Finacial Sectors and the Macroeconomy

The Nexus of Monetary Policy and Shadow Banking in China (with Chen and Ren)

THE NEXUS OF MONETARY POLICY AND SHADOW BANKING IN CHINA

 (Forthcoming at American Economic Review.  For a working paper version, see also NBER Working Paper 23377, May 2017, http://www.nber.org/papers/w23377) 

BY KAIJI CHEN, JUE REN, AND TAO ZHA

Abstract  We estimate the quantity-based monetary policy system in China. We argue that China’s rising shadow banking was inextricably linked to banks’ \emph{balance-sheet} risk and hampered the effectiveness of monetary policy on the banking system during the 2009-2015 period of monetary policy contractions. By constructing two micro datasets at the individual bank level, we substantiate this argument with three empirical findings: (1) in response to monetary policy tightening, nonstate banks actively engaged in intermediating shadow banking products; (2) these banks, in sharp contrast to state banks, brought shadow banking products onto the balance sheet via risky investments; (3) bank loans and risky investment assets in the banking system respond in opposite directions to monetary policy tightening, which makes monetary policy less effective.  We build a theoretical framework to derive the above testable hypotheses and explore implications of the interaction between monetary and regulatory policies.

Assessing the Macroeconomic Impact of Bank Intermediation Shocks: A Structural Approach (with Chen)

ASSESSING THE MACROECONOMIC IMPACT OF BANK INTERMEDIATION SHOCKS: A STRUCTURAL APPROACH 

BY KAIJI CHEN AND TAO ZHA

Abstract  We take a structural approach to assessing the empirical importance of shocks to the supply of bank-intermediated credit in affecting macroeconomic fluctuations.  First, we develop a theoretical model to show how credit supply shocks can be transmitted into disruptions in the production economy.  Second, we utilize the unique micro banking data to identify and support the model’s key mechanism.  Third, we find that the output effect of credit supply shocks is not only economically and statistically significant but also consistent with the VAR evidence. Our mode estimation indicates that a negative one-standard-deviation shock to credit supply generates a loss of output by one percent.

Liquidity Premia, Price-Rent Dynamics, and Business Cycles (with Miao and Wang)

LIQUIDITY PREMIA, PRICE-RENT DYNAMICS, AND BUSINESS CYCLES 

(NBER Working Paper 20377, August 2014)  

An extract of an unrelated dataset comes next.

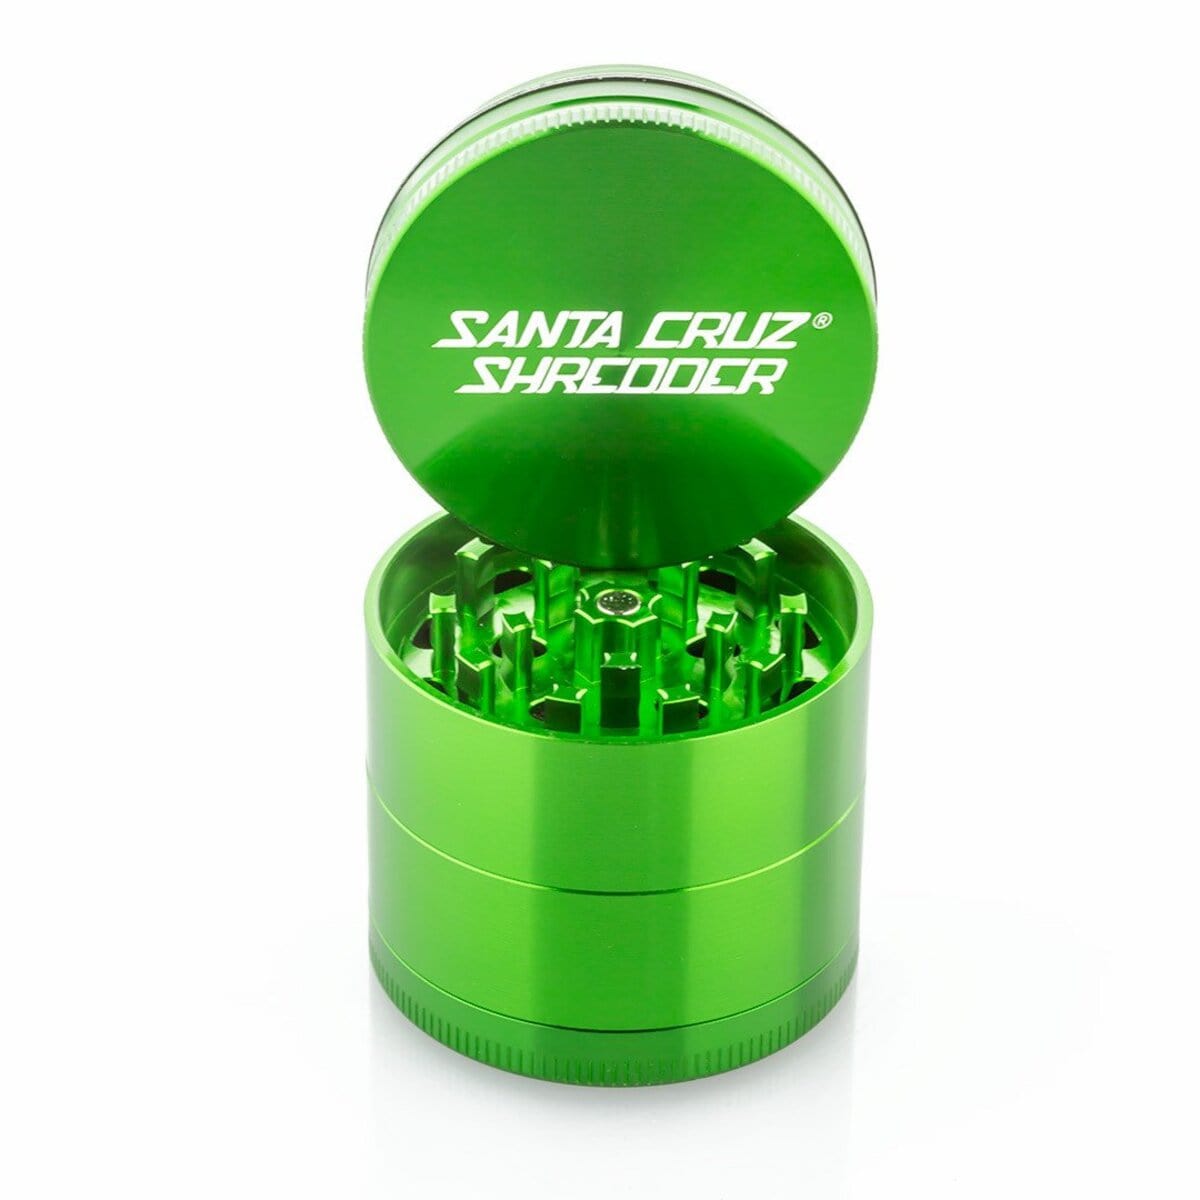 Santa Cruz Shredder Grinder Green Santa Cruz Shredder 4 Piece Medium Grinder

BY JIANJUN MIAO, PENGFEI WANG, AND TAO ZHA

Abstract  In the U.S. economy over the past twenty five years, house prices exhibit fluctuations considerably larger than house rents and these large fluctuations tend to move together with business cycles. We build a simple theoretical model to characterize these observations by showing the tight connection between price-rent fluctuation and the liquidity constraint faced by productive firms. After developing economic intuition for this result, we estimate a medium-scale dynamic general equilibrium model to assess the empirical importance of the role the price-rent fluctuation plays in the business cycle. According to our estimation, a shock that drives most of the price-rent fluctuation explains 30% of output fluctuation over a six-year horizon.

Land Prices and Unemployment (with Liu and Miao)

LAND PRICES AND UNEMPLOYMENT 

(Journal of Monetary Economics, vol. 80, June 2016, pages 86-105)  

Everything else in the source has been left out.